Совместив в «Легенде» эрос с любовью христианской, Пушкин вскоре резко противопоставит их — в поэме «Анджело» (1833), из который мы и взяли название для наших заметок. В словах Изабелы, обращенных к Анджело, тема «нового человека» впервые и единственный раз у Пушкина непосредственно формулируется, а не выстраивается в сюжет:
«Подумай, — говорила, —
Подумай, если Тот, чья праведная сила
Прощает и целит, судил бы грешных нас
Без милосердия; скажи: что было б с нами?
Подумай — и любви услышишь в сердце глас,
И милость нежная твоими дхнет устами,
И новый человек ты будешь».
«Анджело», согласно собственному пушкинскому определению, — это «повесть, взятая из Шекспировой трагедии» «Мера за меру», которую Пушкин не то чтоб переводит, а скорее перелицовывает, вольно пересказывает, однако на некоторых монологах останавливается и передает их довольно близко к оригиналу. Так и эти слова Изабелы почти точно передают монолог героини Шекспира, но именно в этом «почти» (как часто бывает в переводах-переложениях позднего Пушкина) заключен смысловой сдвиг, обнаруживающий собственно пушкинское лирическое наполнение темы. Сравним это ключевое место пушкинской поэмы с буквальным построчным переводом шескпировских стихов: «Каково будет вам, / Если Тот, кто есть Верховный Судия, / Будет судить вас таким, какой вы есть? О, подумайте об этом, / И милость тогда дохнет через ваши уста, / Как у человека, сотворенного вновь» (в оригинале: «How would you be / If He, which is the top of judgment, should / But judge you as you are? O, think on that; / And mercy then will breathe within your lips, / Like man new made»). Мы видим, что Пушкин привносит в монолог Изабелы два важнейших слова: «любовь» и «сердце», которых совсем нет у Шекспира, — ради этих слов он добавляет строку в обращение героини. И с этим самым зарождением в сердце христианской милосердной любви он связывает возможное перерождение героя: «И новый человек ты будешь» (у Шекспира здесь не очень внятное сравнение — может быть, аллюзия на сотворение Адама). Кроме того, шекспировская Изабелла говорит с Анджело не вообще о «нас», а конкретно о нем, обращаясь к нему во втором лице, Пушкин же начинает обращение героини с первого лица множественного числа, таким образом ее слова о Верховном Судии относятся не только к Анджело: местоимение «нас», «нами» объемлет всех — и героев, и автора, и читателей.
Никакого преображения с Анджело не происходит. Ту христианскую любовь, о которой говорила Изабела, Пушкин резко противопоставляет греховной, плотской, вожделеющей любви, овладевшей душой Анджело. Если Шекспир строит свою комедию на идее справедливого суда и возмездия, чему соответствует название — «Мера за меру», взятое из Нагорной проповеди, то Пушкина интересует душа человека, поэтому, переделывая комедию в поэму, он называет ее именем героя. Конфликт и проблематику комедии Шекспира Пушкин сдвигает в сторону тех проблем, которые волновали его самого в 1830-е годы [14] .

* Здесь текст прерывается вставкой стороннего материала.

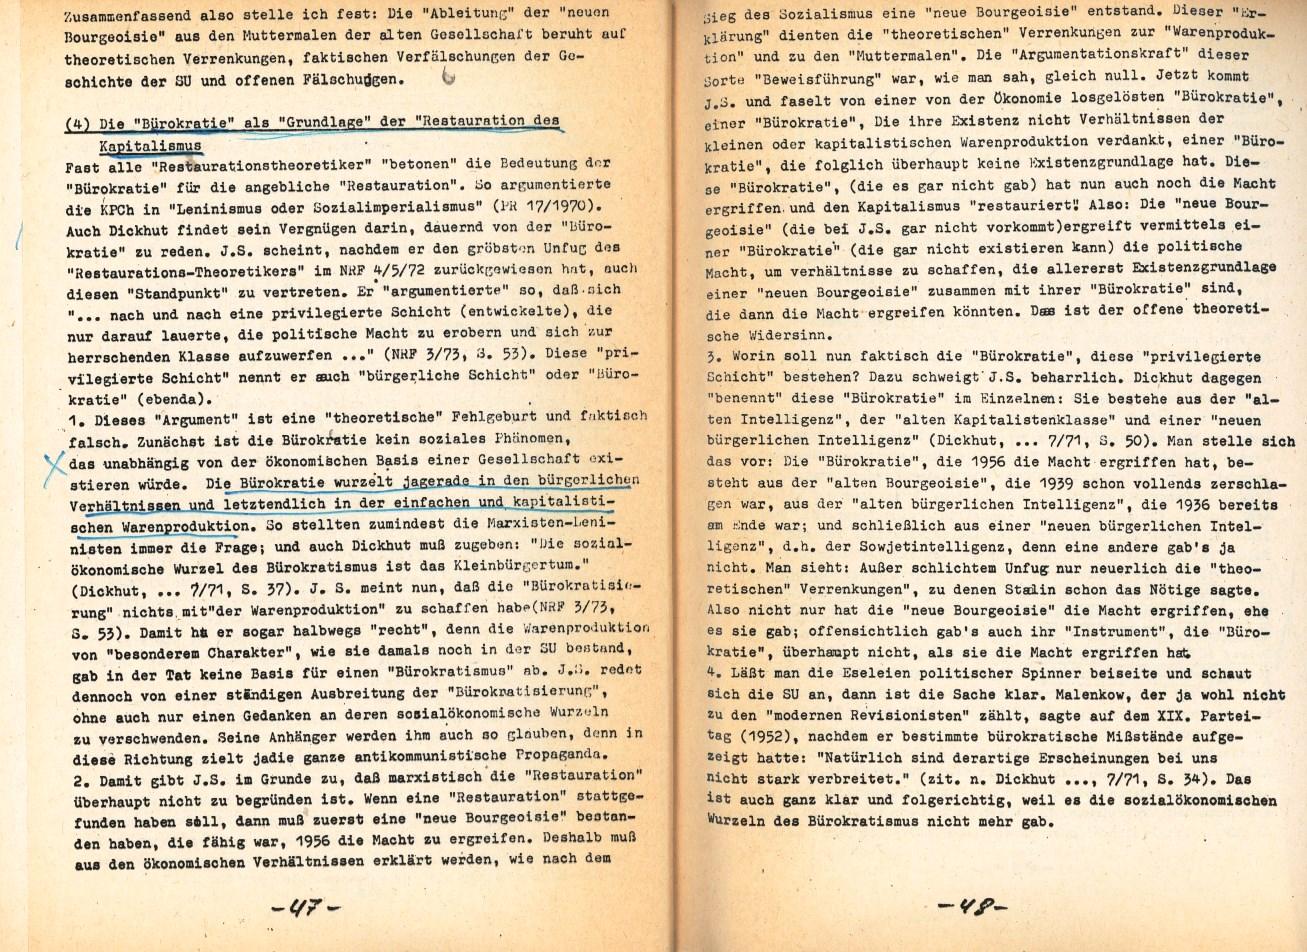 Giessen_MSB_1976_Der_KBW_eine_rechte_Organisation_26

На этом оптимистическая (или романтическая) линия сюжета второго рождения прервалась. В двух стихотворениях весны — лета 1835 года Пушкин рассказывает о мучительных попытках двух героев пробиться к истинной жизни сквозь мрак собственной греховности, сквозь толщу житейских обстоятельств.
В «испанской балладе» о короле Родрике («На Испанию родную…») и в «Страннике» мы видим обломки сюжета о новом человеке — некоторые устойчивые элементы сюжета сохраняются, но совсем уходят из него тема красоты и возрождающей любви к женщине. Оба стихотворения 1835 года конкретными перекличками возвращают нас к «Пророку», к суровому библейскому рассказу о выстраданном преображении героя, но теперь этот рассказ лишается условности — и Родрик и Странник помещены в определенный жизненный контекст и, каждый в своих тяготах, они пытаются выстроить свой путь в системе христианских ценностей. Если в послании Керн или в «Евгении Онегине» второе рождение даровалось человеку как благодать, без особых усилий с его стороны, то в стихах 1835 года героям приходится прилагать все силы души, чтобы хоть как-то приблизиться к чаемому обновлению, к спасению. Оба героя поставлены на грань смерти, и это обостряет до предела их душевную борьбу.